▶ **RECORDED DATA**:
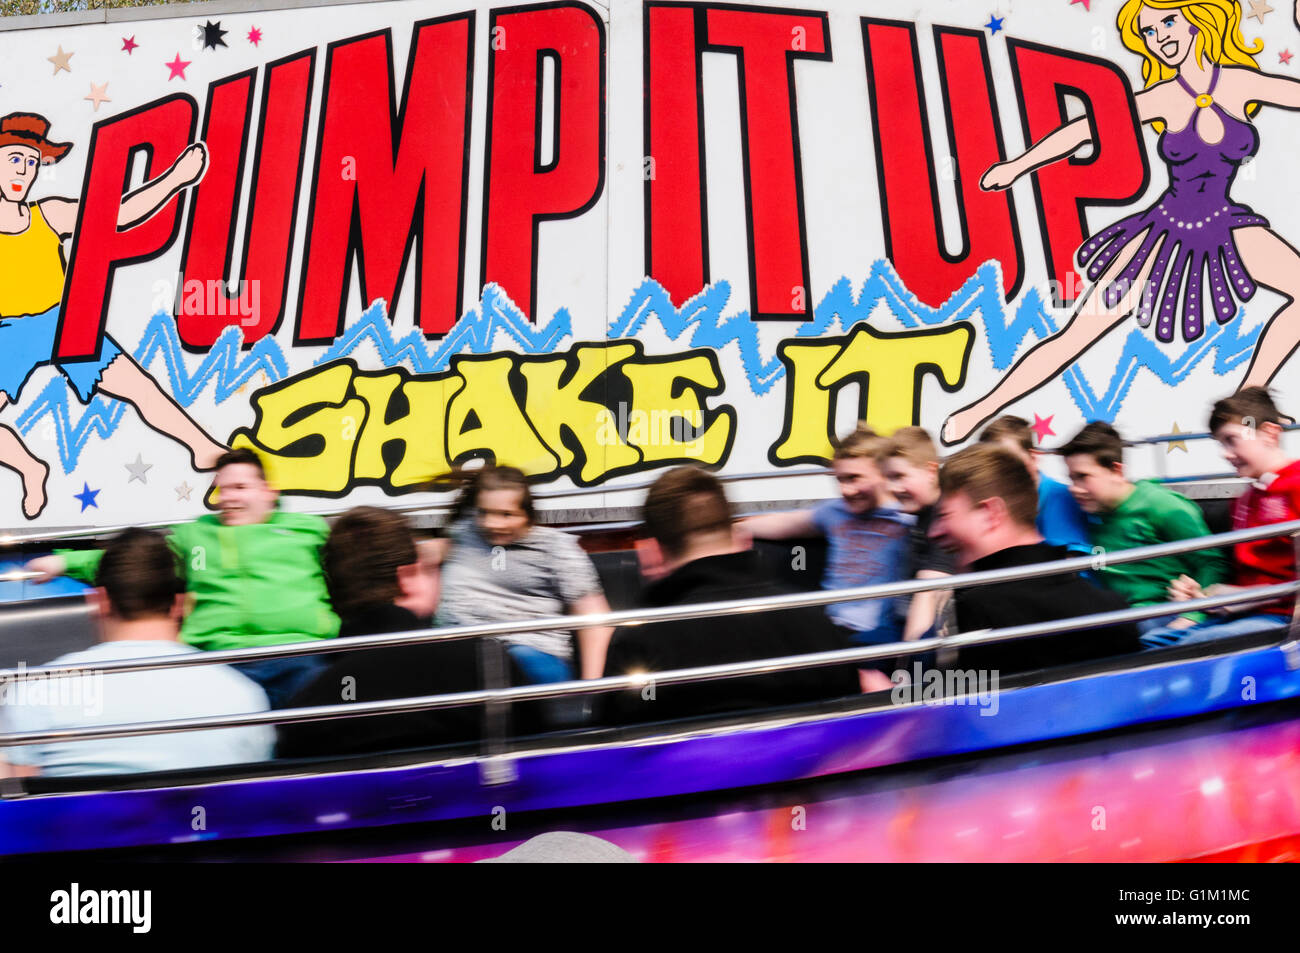 'Pump It Up' centrifugal shaker fairground ride Stock Photo
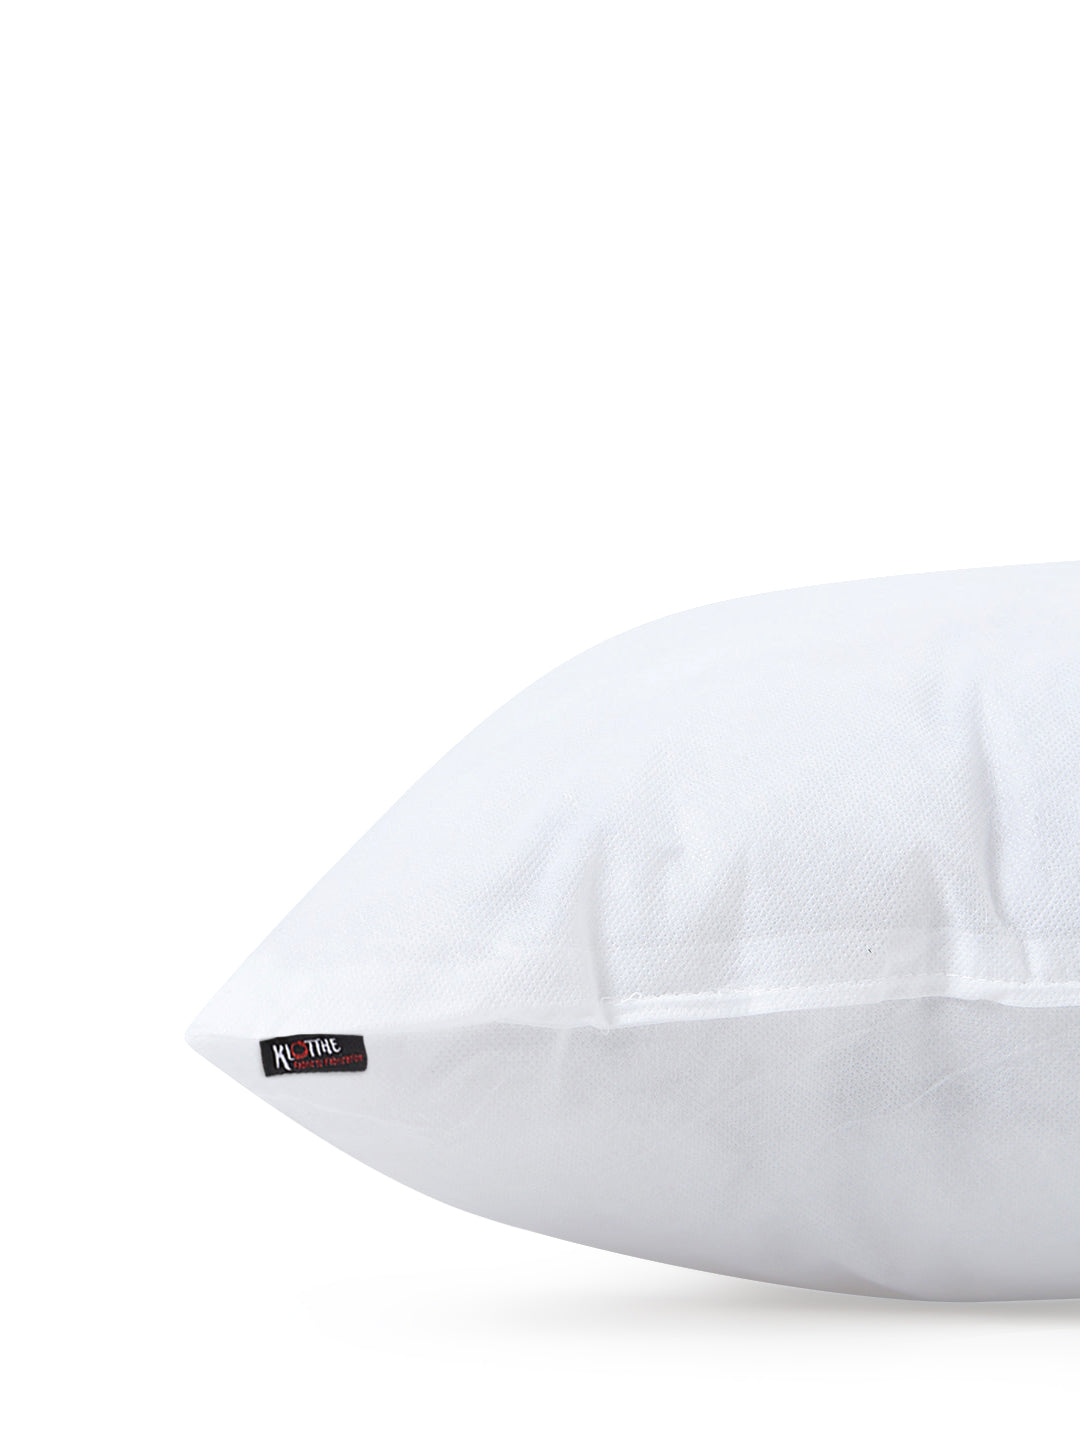 KLOTTHE Set of Five White Poly Cotton Microfibre Cushion Fillers (50X50cm)
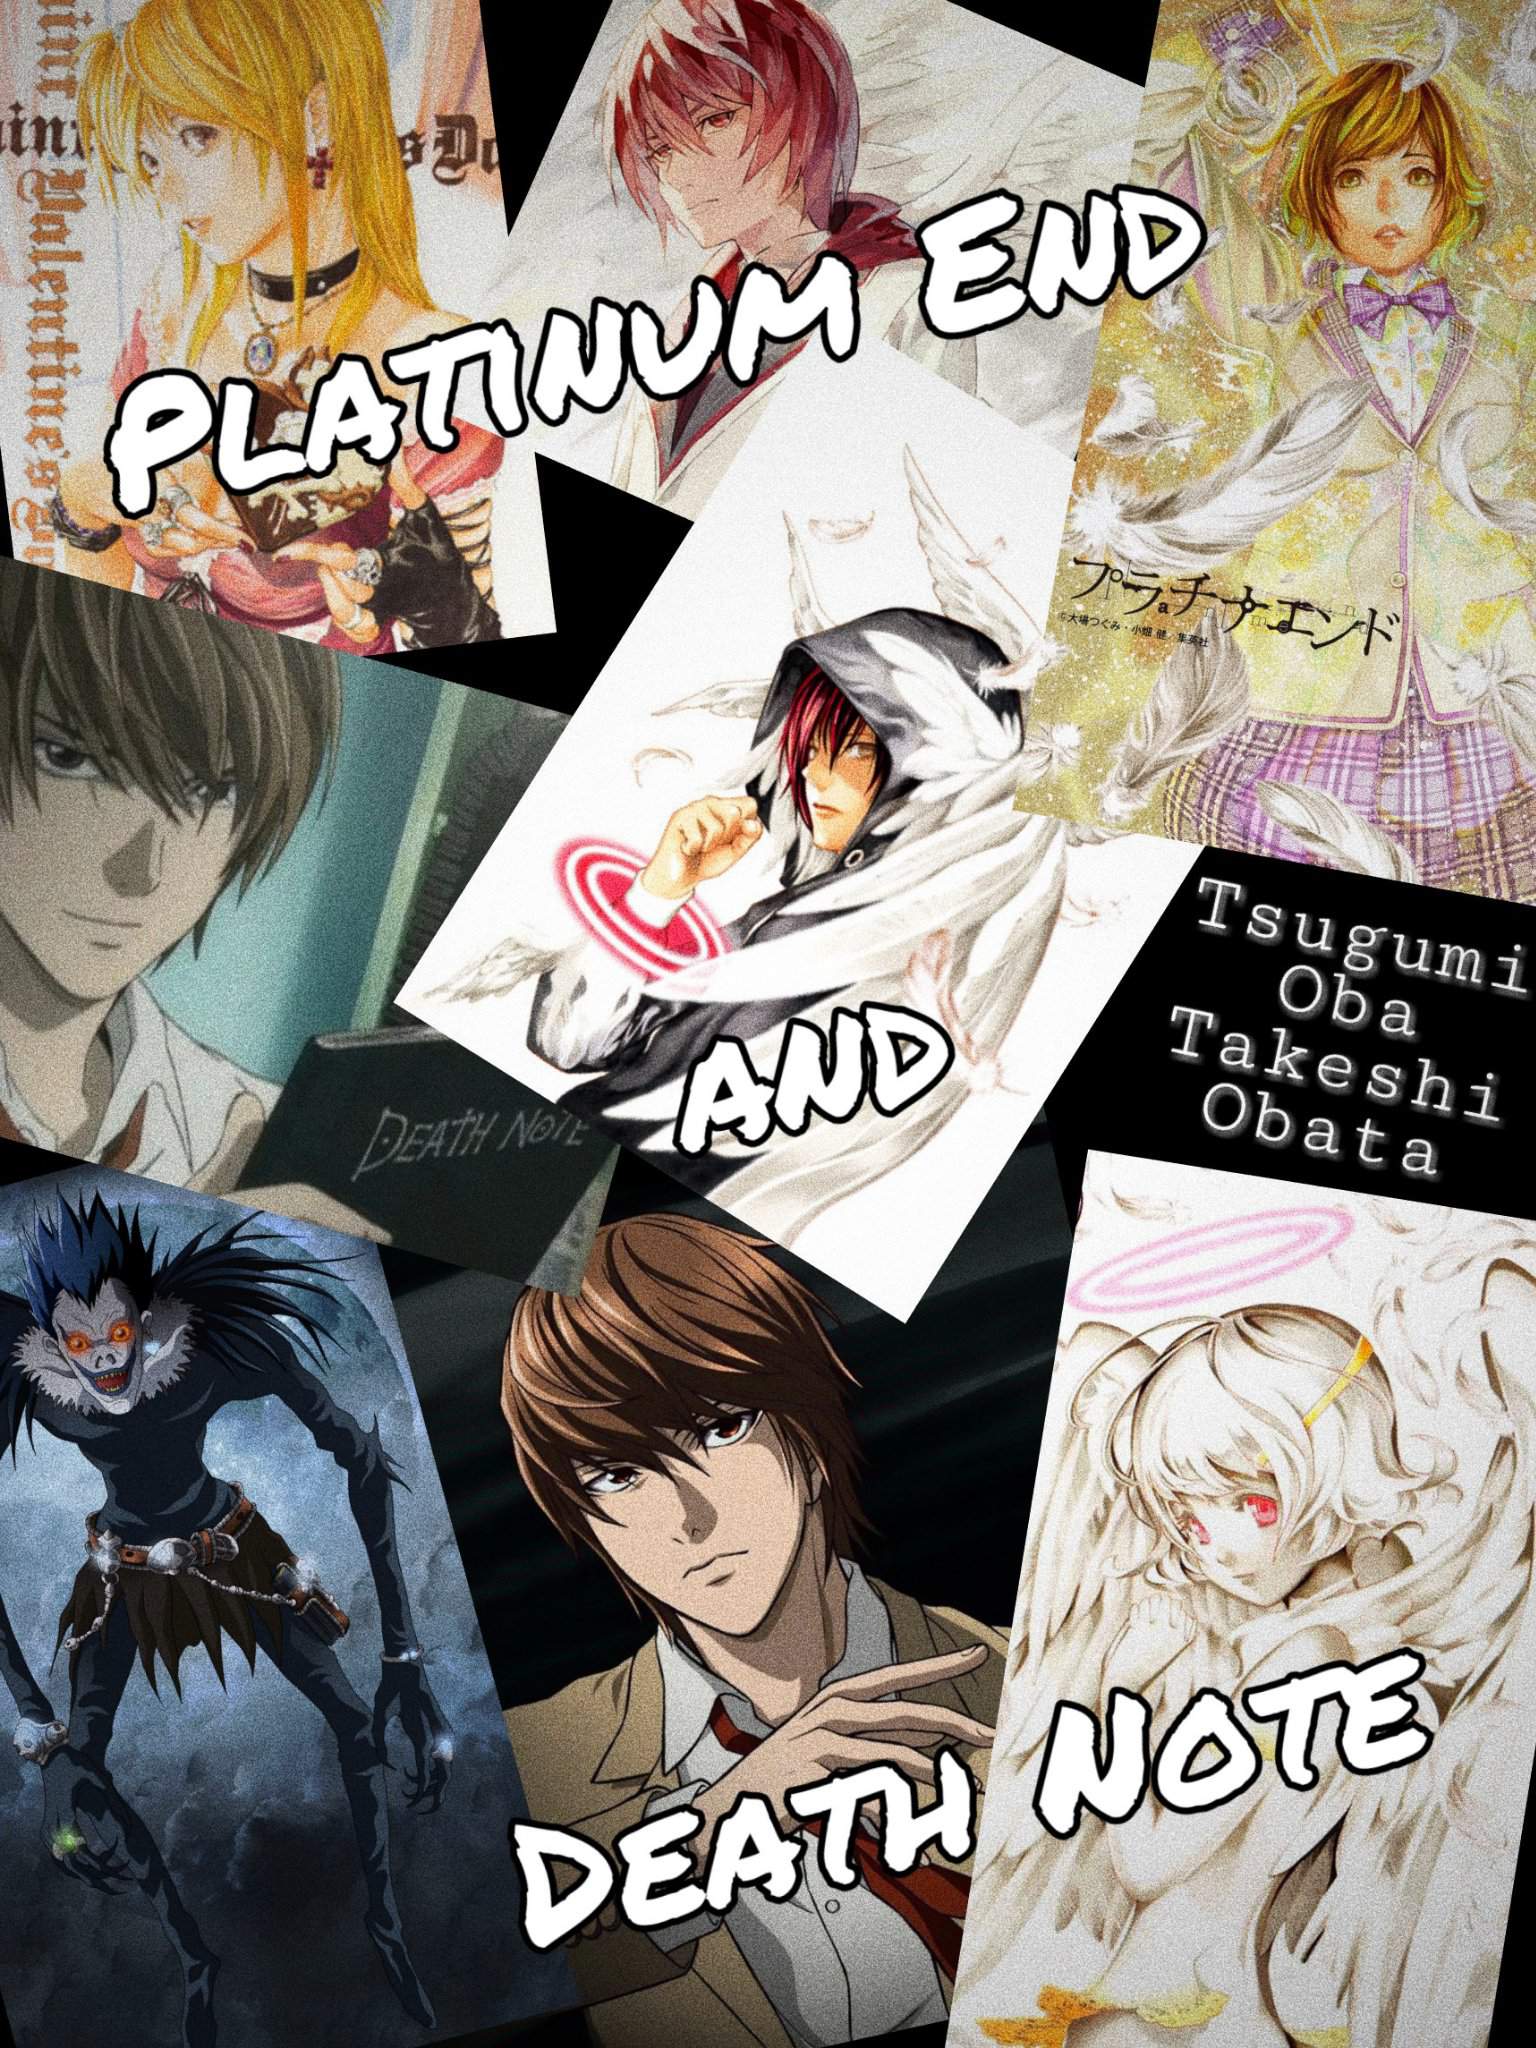 HD Online Player (Death Note Desu Nto Complete Series )

▶ **TASK PROMPT**:
Apart from the images, print all the material above exactly as given.

▶ **FINAL ANSWER**:
 'Pump It Up' centrifugal shaker fairground ride Stock Photo
 KLOTTHE Set of Five White Poly Cotton Microfibre Cushion Fillers (50X50cm)
 HD Online Player (Death Note Desu Nto Complete Series )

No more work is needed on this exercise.